[[ Supplied material, beginning ]]
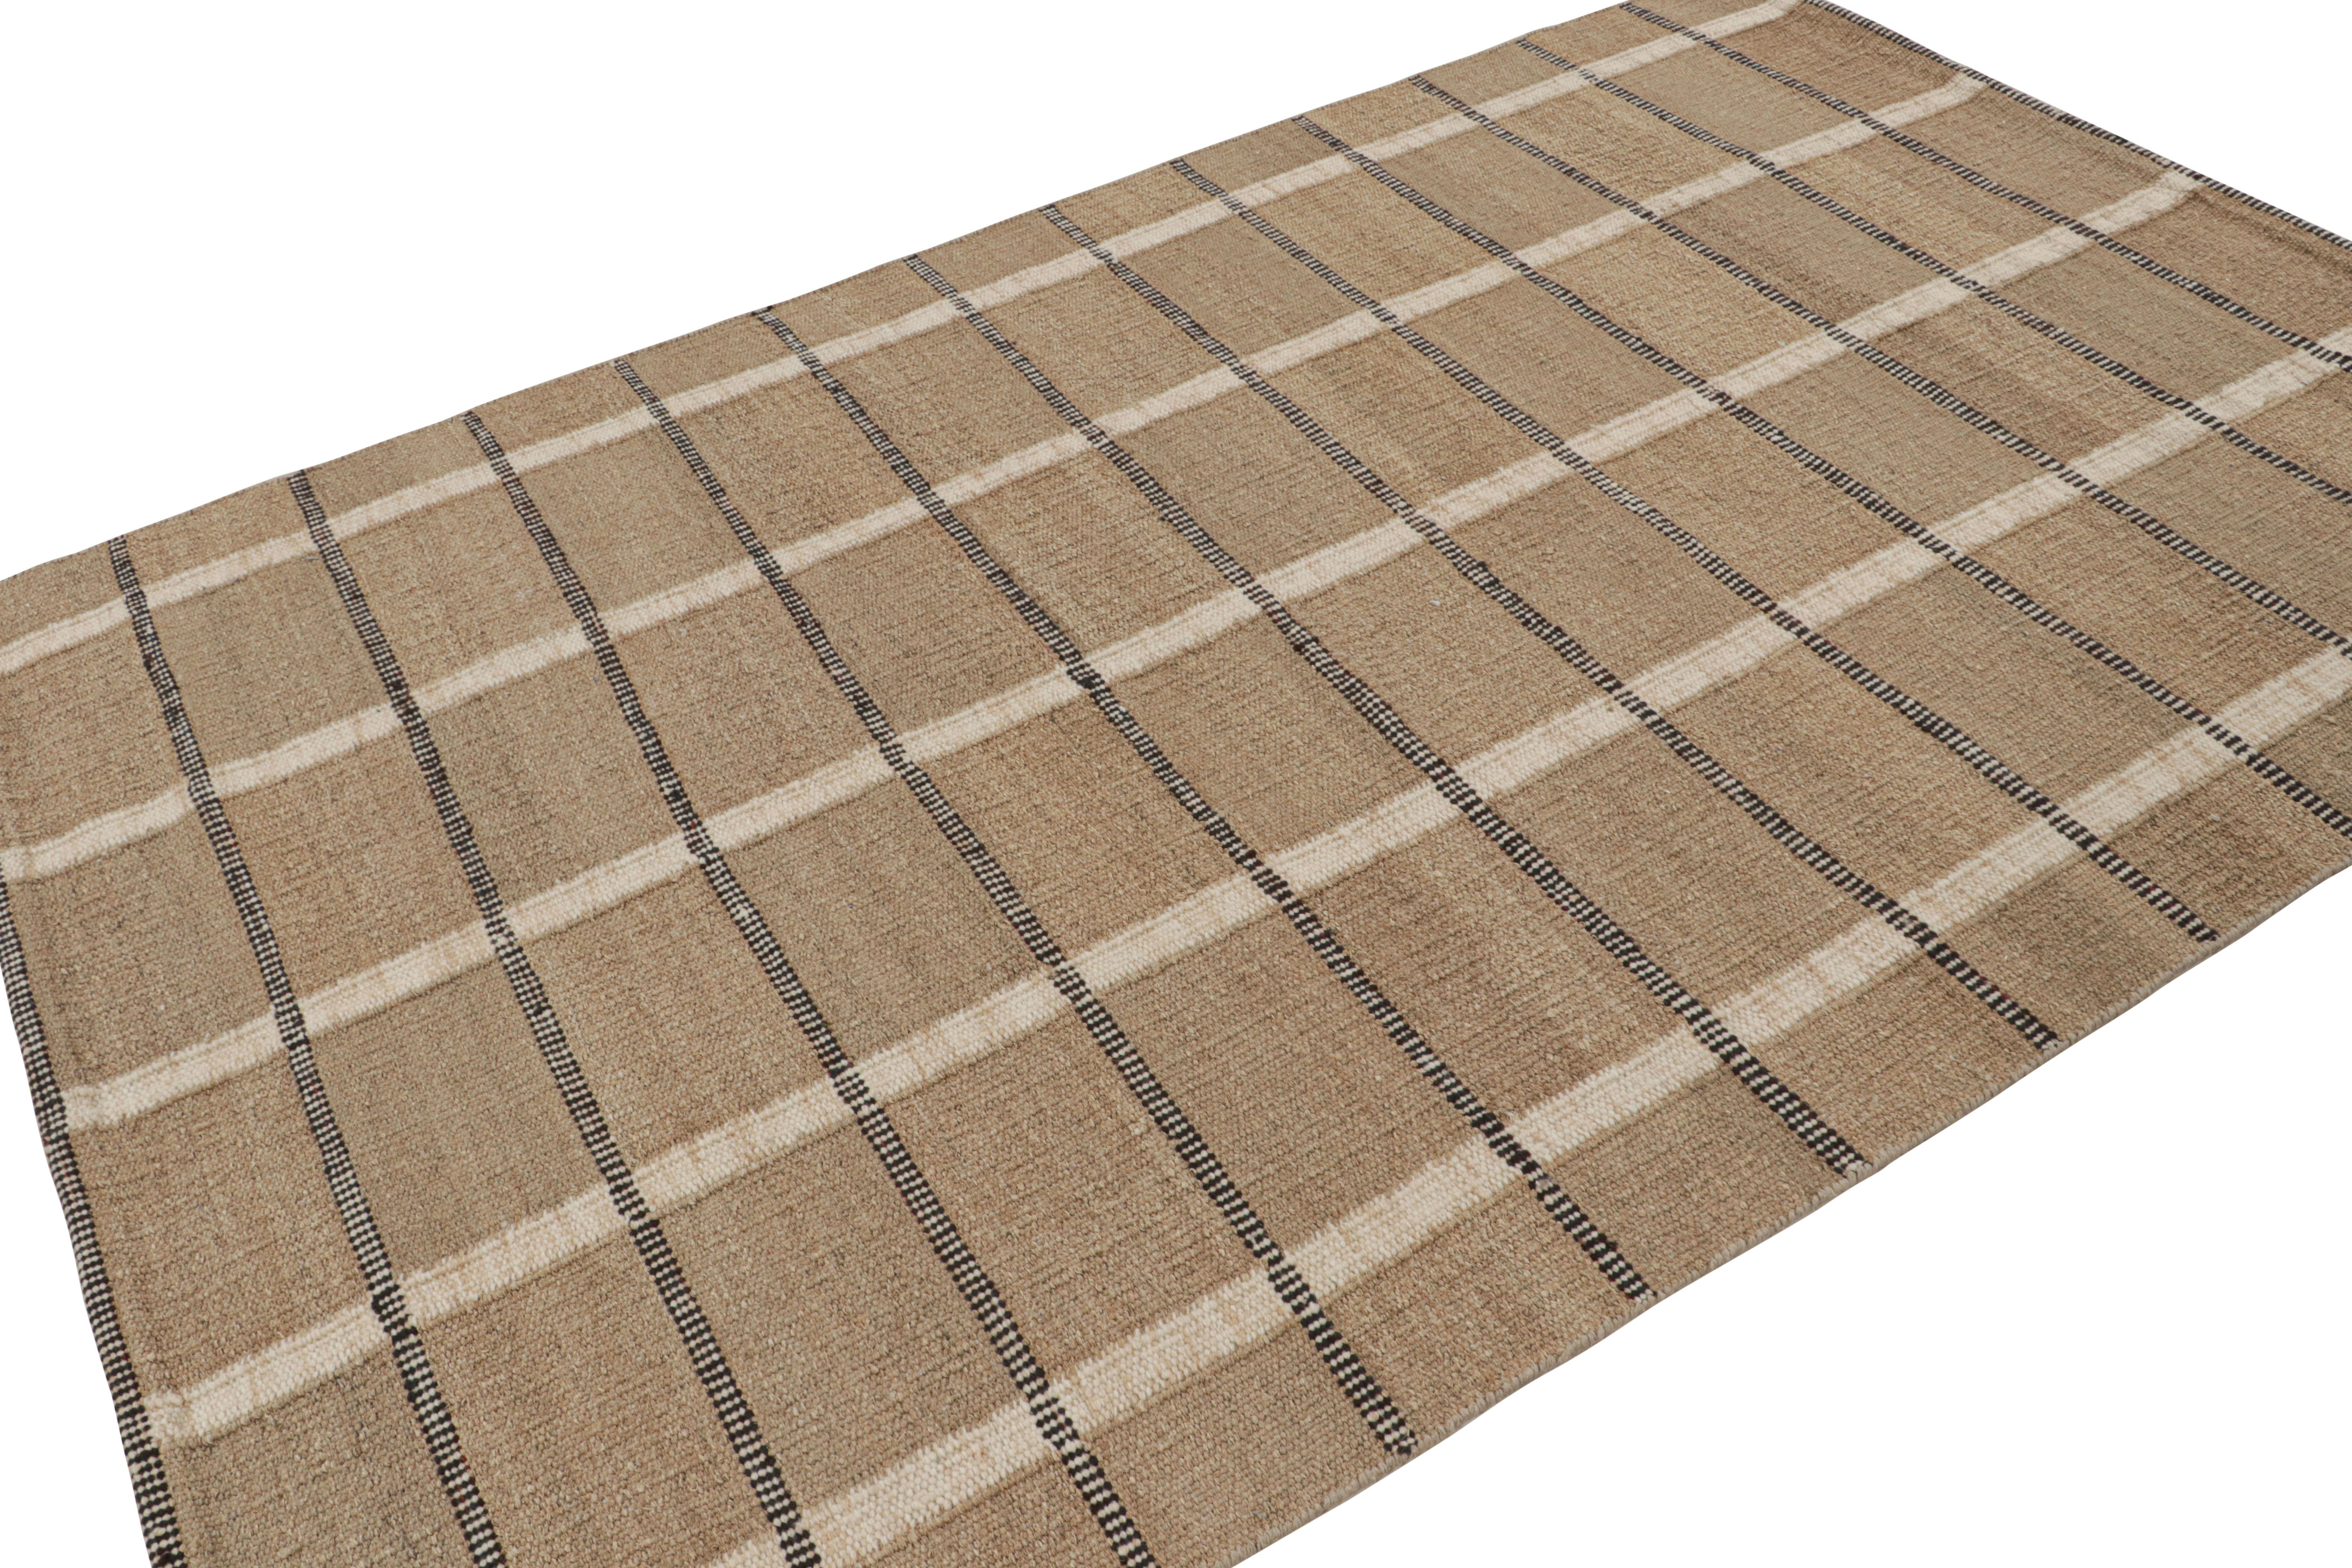 Handwoven in hemp, this 6x9 sustainable flatweave represents the “Natural” line of Rug & Kilim’s Scandinavian rug collection.

On the Design:

The design enjoys a field of beige-brown tones underscoring stripes in white and black, forming an all
[[ Supplied material, end ]]
*The task*: The data shown above must be printed again exactly, with no images included.

*Response to the exercise*:
 Handwoven in hemp, this 6x9 sustainable flatweave represents the “Natural” line of Rug & Kilim’s Scandinavian rug collection.

On the Design:

The design enjoys a field of beige-brown tones underscoring stripes in white and black, forming an all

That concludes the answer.